▶ _Given records_:
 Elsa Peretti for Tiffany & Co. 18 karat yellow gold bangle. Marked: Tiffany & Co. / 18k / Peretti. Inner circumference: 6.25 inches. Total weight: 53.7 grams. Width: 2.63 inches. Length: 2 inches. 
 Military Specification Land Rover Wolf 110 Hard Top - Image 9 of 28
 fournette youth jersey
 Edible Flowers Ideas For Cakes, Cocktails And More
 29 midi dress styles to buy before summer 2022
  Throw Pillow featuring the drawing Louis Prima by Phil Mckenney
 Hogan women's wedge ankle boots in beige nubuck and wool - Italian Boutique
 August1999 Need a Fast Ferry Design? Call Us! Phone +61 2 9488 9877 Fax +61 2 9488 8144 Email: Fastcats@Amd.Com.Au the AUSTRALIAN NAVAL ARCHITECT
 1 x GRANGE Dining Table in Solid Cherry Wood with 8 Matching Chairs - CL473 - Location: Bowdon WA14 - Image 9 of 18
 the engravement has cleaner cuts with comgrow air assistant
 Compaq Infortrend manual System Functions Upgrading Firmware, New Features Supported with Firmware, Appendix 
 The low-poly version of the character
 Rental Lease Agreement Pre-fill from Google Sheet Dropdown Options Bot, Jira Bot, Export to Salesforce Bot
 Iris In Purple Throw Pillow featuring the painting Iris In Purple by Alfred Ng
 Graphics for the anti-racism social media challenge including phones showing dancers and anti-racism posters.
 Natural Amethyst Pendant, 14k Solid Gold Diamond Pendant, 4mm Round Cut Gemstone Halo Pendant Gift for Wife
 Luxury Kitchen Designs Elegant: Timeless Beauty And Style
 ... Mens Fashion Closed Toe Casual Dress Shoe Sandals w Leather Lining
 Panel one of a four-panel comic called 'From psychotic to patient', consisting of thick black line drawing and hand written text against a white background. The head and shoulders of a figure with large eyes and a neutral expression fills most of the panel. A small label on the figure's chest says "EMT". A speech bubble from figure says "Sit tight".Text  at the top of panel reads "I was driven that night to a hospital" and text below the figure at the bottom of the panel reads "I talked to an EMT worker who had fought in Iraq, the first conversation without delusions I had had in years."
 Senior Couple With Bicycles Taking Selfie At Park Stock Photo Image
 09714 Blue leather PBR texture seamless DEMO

▶ _What you should do_: The required output is the exact run of lines from the beginning of the records to the line with "w Leather Lining", that line included.

▶ _Result of the exercise_:
 Elsa Peretti for Tiffany & Co. 18 karat yellow gold bangle. Marked: Tiffany & Co. / 18k / Peretti. Inner circumference: 6.25 inches. Total weight: 53.7 grams. Width: 2.63 inches. Length: 2 inches. 
 Military Specification Land Rover Wolf 110 Hard Top - Image 9 of 28
 fournette youth jersey
 Edible Flowers Ideas For Cakes, Cocktails And More
 29 midi dress styles to buy before summer 2022
  Throw Pillow featuring the drawing Louis Prima by Phil Mckenney
 Hogan women's wedge ankle boots in beige nubuck and wool - Italian Boutique
 August1999 Need a Fast Ferry Design? Call Us! Phone +61 2 9488 9877 Fax +61 2 9488 8144 Email: Fastcats@Amd.Com.Au the AUSTRALIAN NAVAL ARCHITECT
 1 x GRANGE Dining Table in Solid Cherry Wood with 8 Matching Chairs - CL473 - Location: Bowdon WA14 - Image 9 of 18
 the engravement has cleaner cuts with comgrow air assistant
 Compaq Infortrend manual System Functions Upgrading Firmware, New Features Supported with Firmware, Appendix 
 The low-poly version of the character
 Rental Lease Agreement Pre-fill from Google Sheet Dropdown Options Bot, Jira Bot, Export to Salesforce Bot
 Iris In Purple Throw Pillow featuring the painting Iris In Purple by Alfred Ng
 Graphics for the anti-racism social media challenge including phones showing dancers and anti-racism posters.
 Natural Amethyst Pendant, 14k Solid Gold Diamond Pendant, 4mm Round Cut Gemstone Halo Pendant Gift for Wife
 Luxury Kitchen Designs Elegant: Timeless Beauty And Style
 ... Mens Fashion Closed Toe Casual Dress Shoe Sandals w Leather Lining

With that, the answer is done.